Besides, the matter of mercy killing is getting rough and out of hand. Nobody seems to use poison anymore. In Fort Lauderdale two years ago, a 79-year-old man shot his 62-year-old wife in the stairwell of a hospital; like Emily Gilbert, she was suffering from Alzheimer's disease. In San Antonio four years ago, a 69-year-old man shot his 72-year-old brother to death in a nursing home. Last June a man in Miami put two bullets in the heart of his three-year-old daughter who lay comatose after a freak accident. An organization that studies mercy killings says that nine have occurred this year alone. You cannot have a murder every time someone feels sorry for a loved one in pain. Any fool knows that.

Yet you also feel foolish watching a case like Gilbert's (if any case can be said to be like another) because, while both feet are planted firmly on the side of law and common sense, both are firmly planted on Gilbert's side as well. The place the public really stands is nowhere: How can an act be equally destructive of society and wholly human? The reason anyone would consider going easy on Gilbert is that we can put ourselves in his shoes, can sit at his wife's bedside day after day, watching the Florida sun gild the furniture and listening to the Atlantic lick the beach like a cat. Emily dozes. He looks at her in a rare peaceful pose and is grateful for the quiet.

Or he dreams back to when such a scene would have been unimaginable: she, sharp as a tack, getting the better of him in an argument; he, strong as a bull, showing off by swinging her into the air--on a beach, perhaps, like the one in front of the condominium where old couples like themselves walk in careful slow motion at the water's edge. Since the case became a cause, photographs of the Gilberts have appeared on television, she in formal gown, he in tails; they, older, in a restaurant posing deadpan for a picture for no reason, the way people do in restaurants. In a way the issue here is age: mind and body falling away like slabs of sand off a beach cliff. If biology declares war, have people no right to a pre-emptive strike? In the apartment he continues to stare at her who, from time to time, still believes they are traveling together in Spain.

Now he wonders about love. He loves his wife; he tells her so; he has told her so for 51 years. And he thinks of what he meant by that: her understanding of him, her understanding of others, her sense of fun. Illness has replaced those qualities in her with screams and a face of panic. Does he love her still? Of course, he says; he hates the disease, but he loves his wife. Or--and this seems hard--does he only love what he remembers of Emily? Is the frail doll in the bed an impostor? But no; this is Emily too, the same old Emily hidden somewhere under the decaying cells and in the folds of the painkillers.
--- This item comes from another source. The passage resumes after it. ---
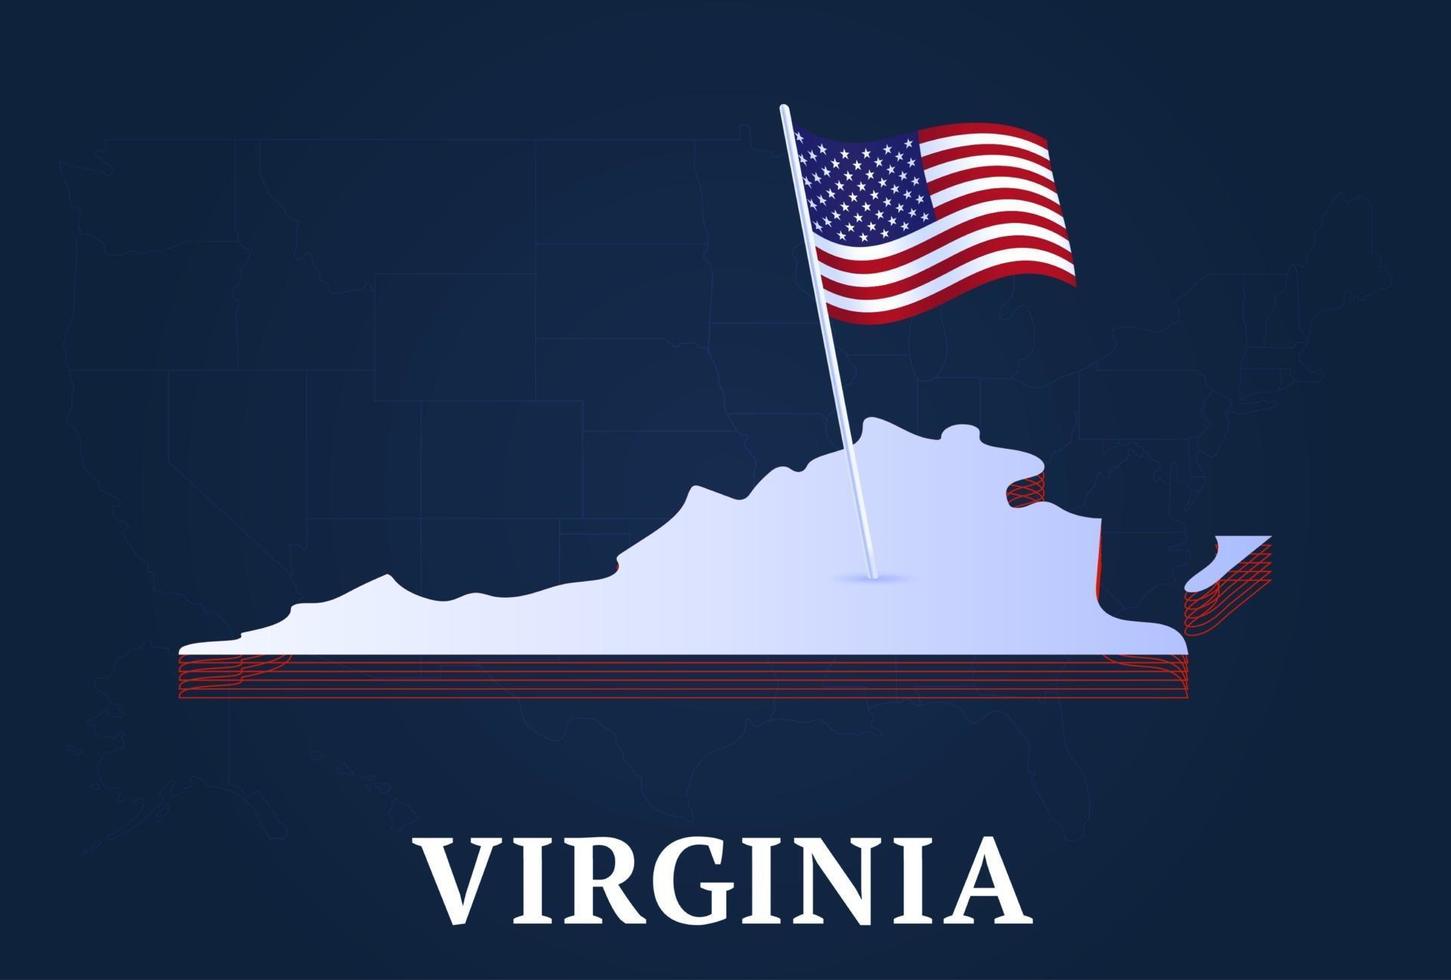 Carte isométrique de l'état de Virginie et drapeau national des États-Unis forme isométrique 3d de l'illustration vectorielle de l'état américain vecteur
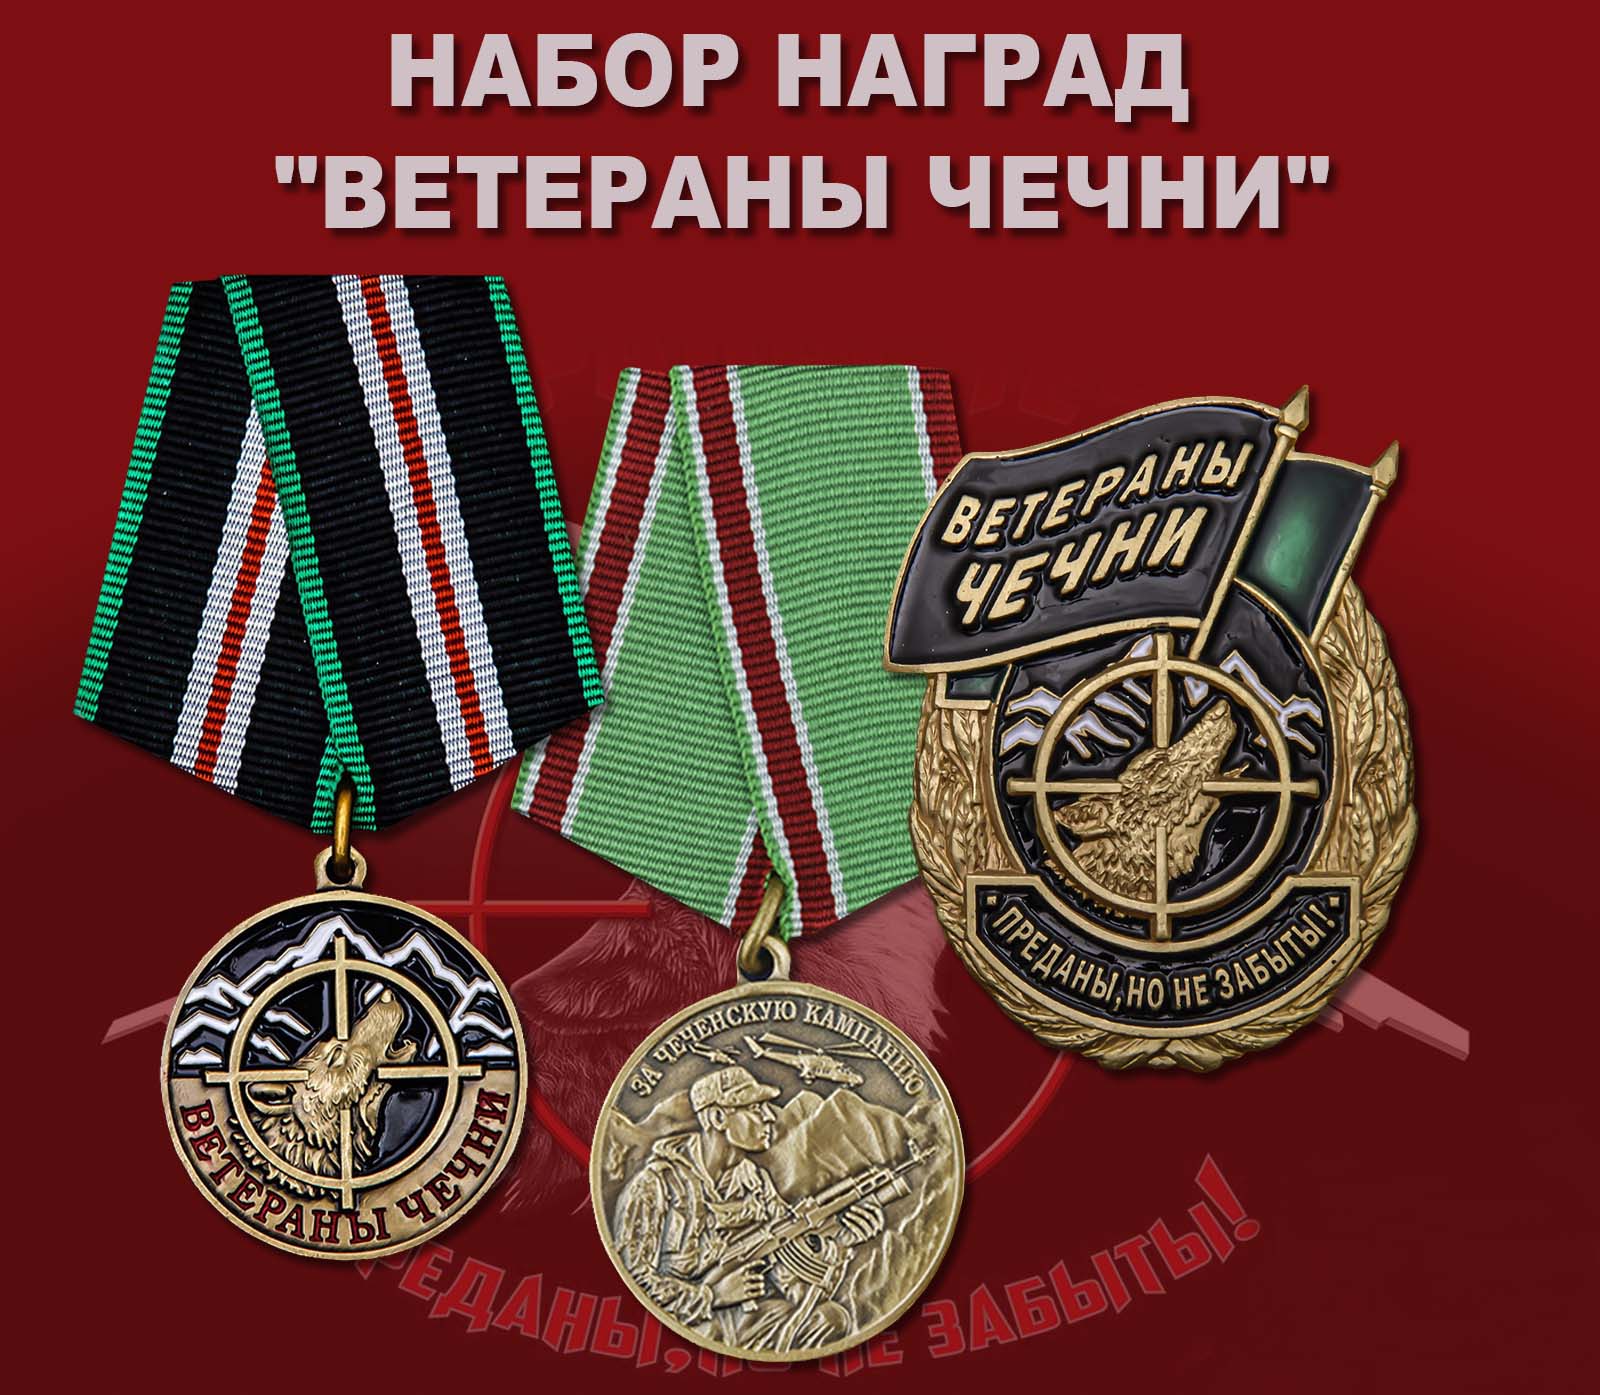 Купить набор наград "Ветераны Чечни"

It is Emily and she is suffering and he swore he would always look after her.

He considers an irony: you always hurt the one you love. By what act or nonact would he be hurting his wife more? He remembers news stories he has read of distraught people in similar positions, pulling the plugs on sons and husbands or assisting in the suicides of desperate friends. He sympathizes, but with a purpose; he too is interested in precedents. Surely, he concludes, morality swings both ways here. What is moral for the group cannot always be moral for the individual, or there would be no individuality, no exceptions, even if the exceptions only prove the rule. Let the people have their rules. What harm would it do history to relieve Emily's pain? A little harm, perhaps, no more than that.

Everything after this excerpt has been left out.